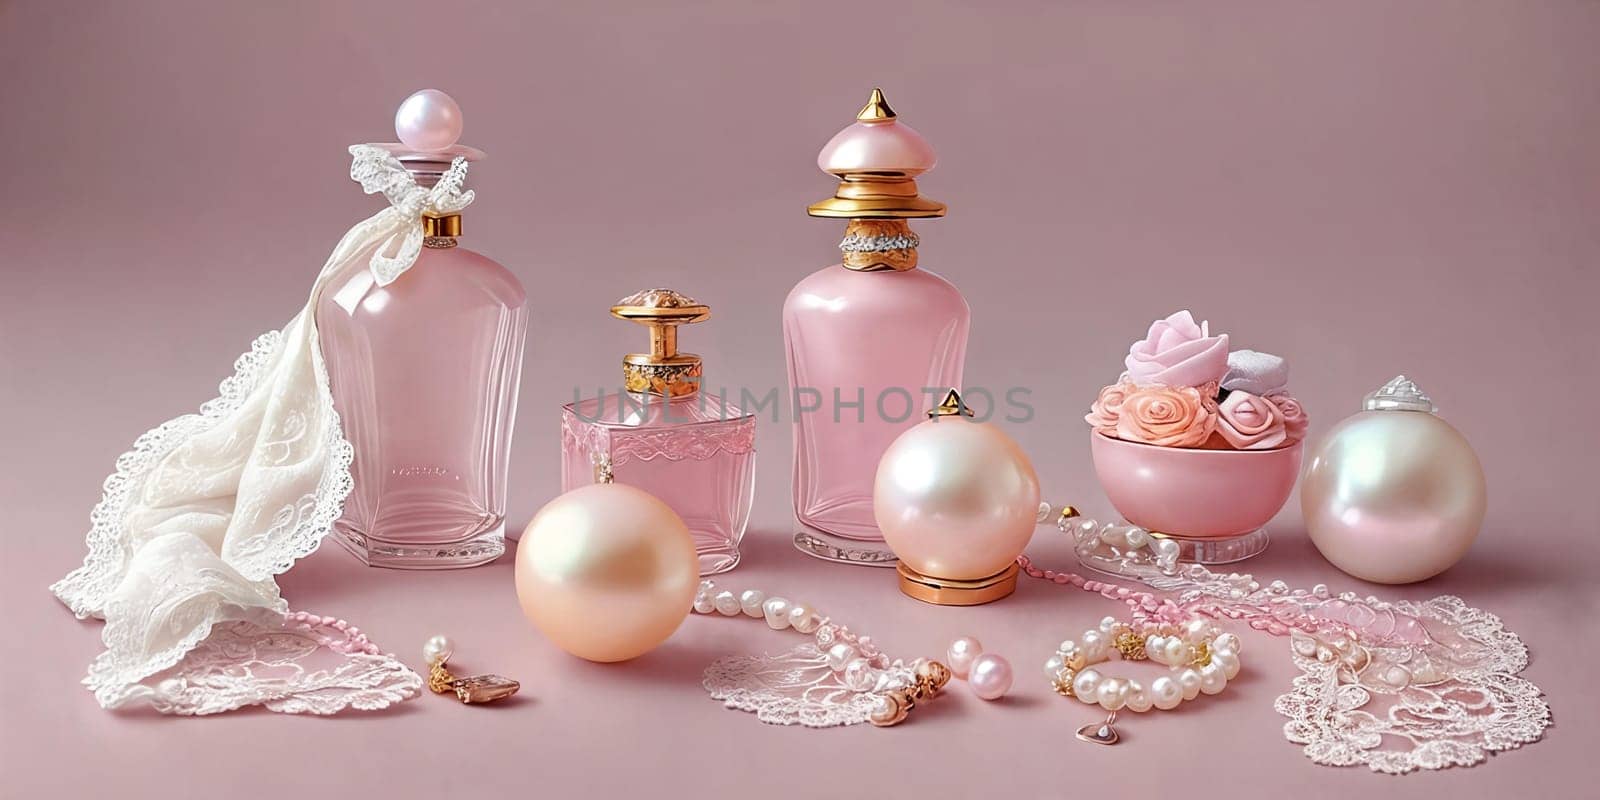 Pastel Palette. A still life scene featuring pastel-colored feminine accessories like a delicate pearl necklace by GoodOlga
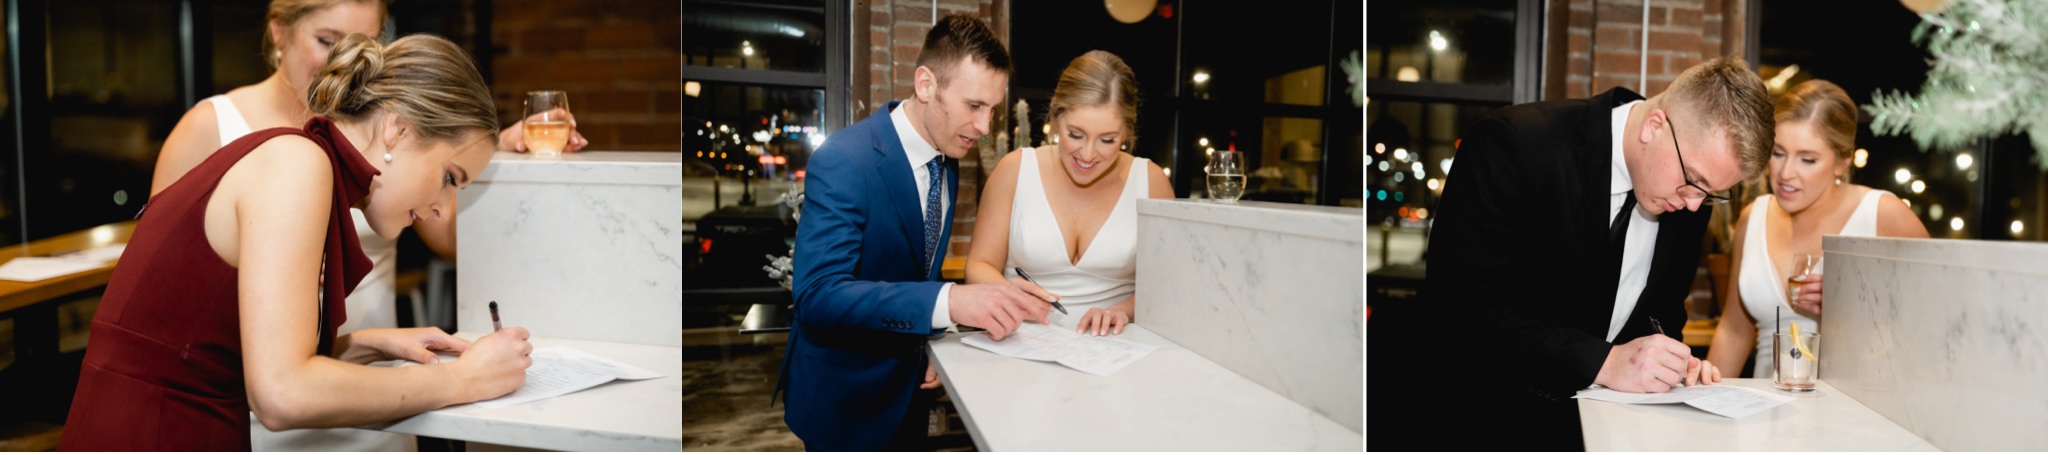 signing of the marriage license
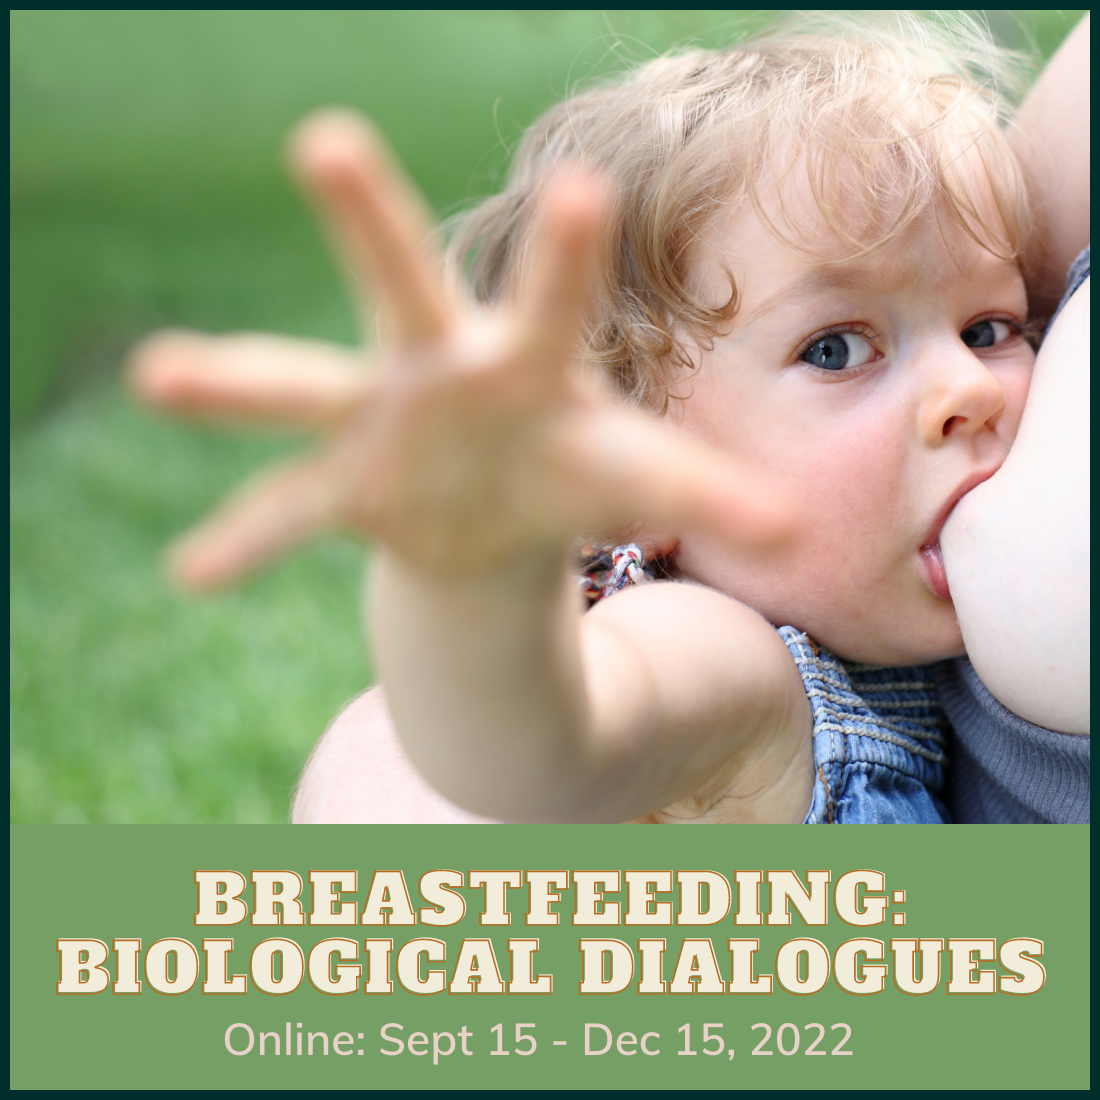 Insta picture - Breastfeeding: biological dialogues

Problem statement:
The listing above should be repeated word for word, pictures removed.

Output for this task:
 Pastel Palette. A still life scene featuring pastel-colored feminine accessories like a delicate pearl necklace by GoodOlga
 signing of the marriage license
 Insta picture - Breastfeeding: biological dialogues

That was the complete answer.